After a seemingly nonexistent spring, it appeared that summer was here - if only to arrive in mid June. When summer came to Minnesota, this year it was all or nothing. From frozen lakes on fishing opener to some of the most violent storms the state has seen across the northwest plains. Lake Osakis, was unfortunately about to discover just how violent summer can be.
The Story:
It was six in the morning, and I had been tossing and turning for the better part of a couple hours (probably dreading the homework I had in store for myself). All of a sudden my phone rings and my good friend and former teacher, Ron, is frantic. "My neighbor at the lake called me and said my boat is totaled! We have to get up there right now!" I agreed and informed him that we needed to be back by one in the afternoon, as I had an appointment that I couldn't break. He arrived at my home, and we jumped in the truck and hurried to his cabin.

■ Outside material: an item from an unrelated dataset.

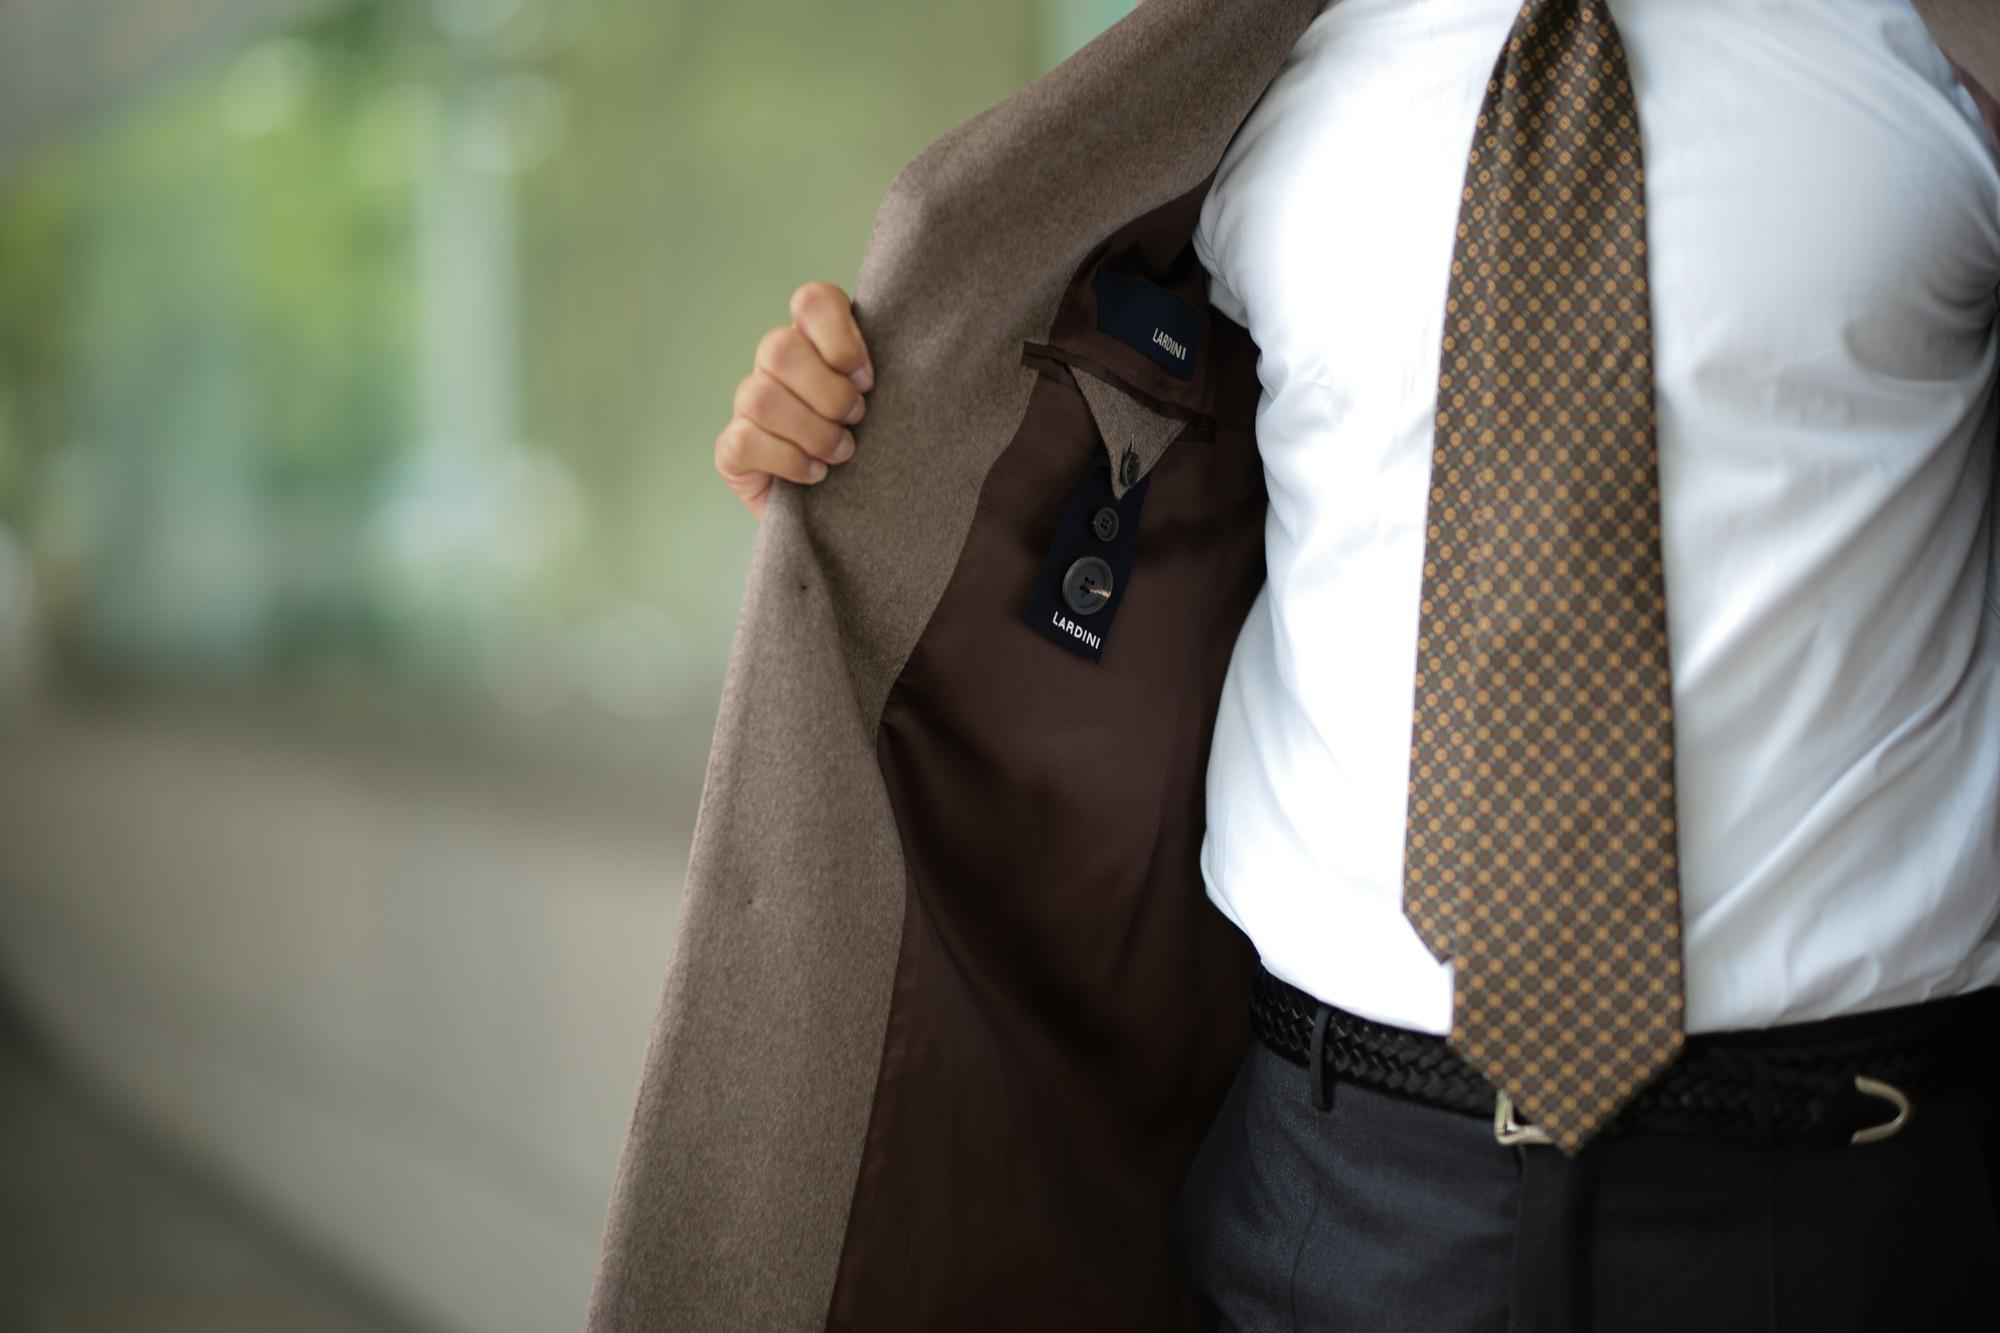 LARDINI (ラルディーニ) Cashmere Spolverino Chester coat (カシミヤ スポルベリーノ チェスターコート) カシミヤフラノ生地 シングル チェスターコート BEIGE (ベージュ・1) Made in italy (イタリア製) 2018 秋冬新作 lardini 愛知 名古屋 Alto e Diritto アルト エ デリット alto e diritto アルトエデリット

Upon our arrival, we couldn't believe our eyes. Nearly the entire South shore of the lake looked like it had been hit by a hurricane - come to find out that the winds were 90+ miles per hour, with waves reaching 5-6 feet. The entire South shore of boats, docks, and boat lifts looked like the backyard of an aluminum scrapyard. The task at hand: Get the boat off of the bottom of the lake, out from under a collapsed dock, and onto the trailer. The difficult part: the boat was nearly split in half and was full of seaweed, water, mud, and who knows what else. The only way we had to get the boat out was to hoist it by crane (which was already one scene). The boat, at 17.5 feet long and 7.5 feet wide had to balance on two straps that were approximately 6" wide and 1/4" thick while being hoisted several feet up into the air and over the embankment
The Mathematical Concept:
The embankment was 12 feet below the road level, and 14 feet from the road out to where the boat was sitting. How far was the boat moved from the point it was sitting, to the point where it was placed on the trailer? (The trailer was approximately 2 feet higher than the surface of the road, and 2 feet in). So: 14 feet above road level, and 16 feet in from the boats position. What is the hypotenuse length (the length of travel in the air)?
Use the Pythagorean theorem: a^2 + b^2 = c^2
14^2 + 16^2
196 + 256 = c^2
c^2 = 452. The square root of 452 is approximately 21.3 feet.
Why is this interesting?
This concept is interesting to me because I found it a challenge to figure out the distance the boat traveled. I pictured the boat sliding up planks on the embankment (which we did not use). And for me to understand how to figure out the distance it traveled was similar to me having to figure the distance (in length) we would have needed had we used planks. This type of math is practical in every day application, and it shows you that you never know when you may need it.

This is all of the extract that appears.